Интервью было напечатано в одной из газет американского Запада под заголовком:
ЖИЗНЬ У НАС В ПРЕРИЯХ ЕМУ НРАВИЛАСЬ.
ГОВОРИТ АНГЛИЙСКИЙ ДЕНДИ
Конный завод находился почти в миле от деревни Ройстон, и каждый день, ровно без четверти десять, если он не уезжал на скачки или на торги, Джек Маскем садился верхом на пони и не спеша отправлялся в свой, как окрестил его журналист, «конский питомник». Маскем любил приводить своего пони в пример того, во что можно превратить лошадь, если никогда не повышать на нее голоса. Это была умная, трехгодовалая лошадка, небольшая, породистая на три четверти, шелковистая, мышиной масти; на нее словно вылили бутылку чернил, а потом небрежно стерли пятна.
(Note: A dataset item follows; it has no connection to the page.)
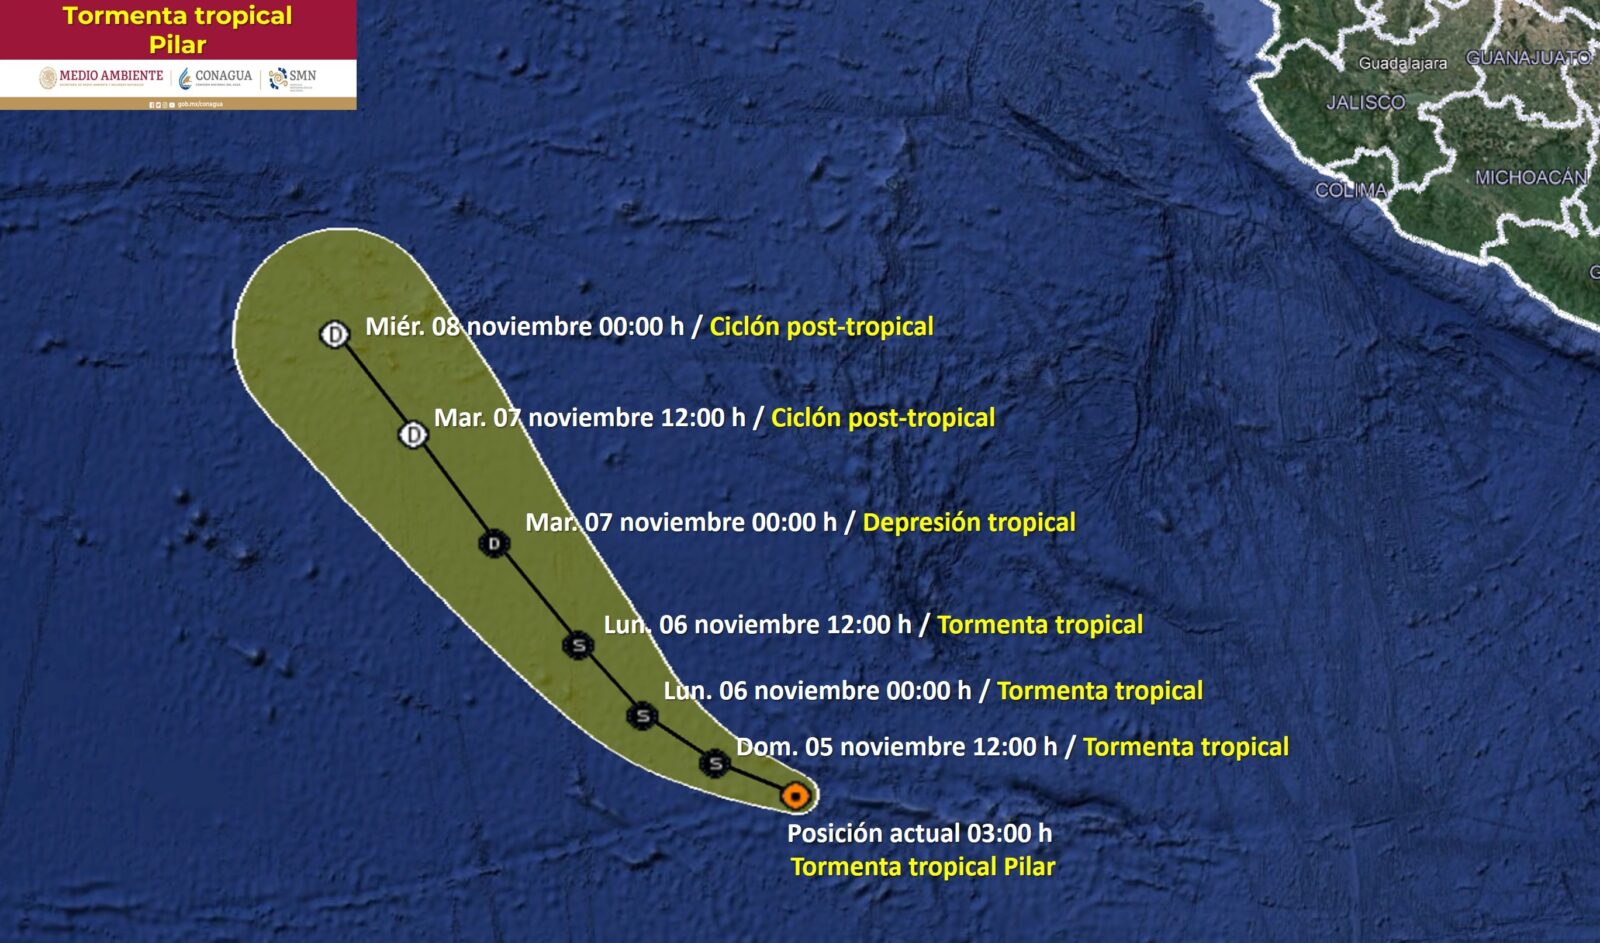 La tormenta tropical 'Pilar' mantiene su desplazamiento hacia el Oeste

Кроме чуть рваного полумесяца на лбу, у нее не было ни единого белого пятнышка, грива была подстрижена, а длинный хвост свисал чуть не до самых копыт. Глаза были блестящие, спокойные, а зубы казались белоснежными, как жемчуг. Двигалась она мелкой рысью и, если оступалась, мгновенно находила равновесие. Правили ею при помощи одного простого повода, и она не знала, что такое удила. Она была очень мала, и ноги Джека Маскема в длинных стременах висели низко. «Ездить на ней, – говорил он, – все равно что сидеть в удобном кресле». Кроме него, к лошади подпускали только одного конюха, выбранного за ласковые руки, голос и нрав.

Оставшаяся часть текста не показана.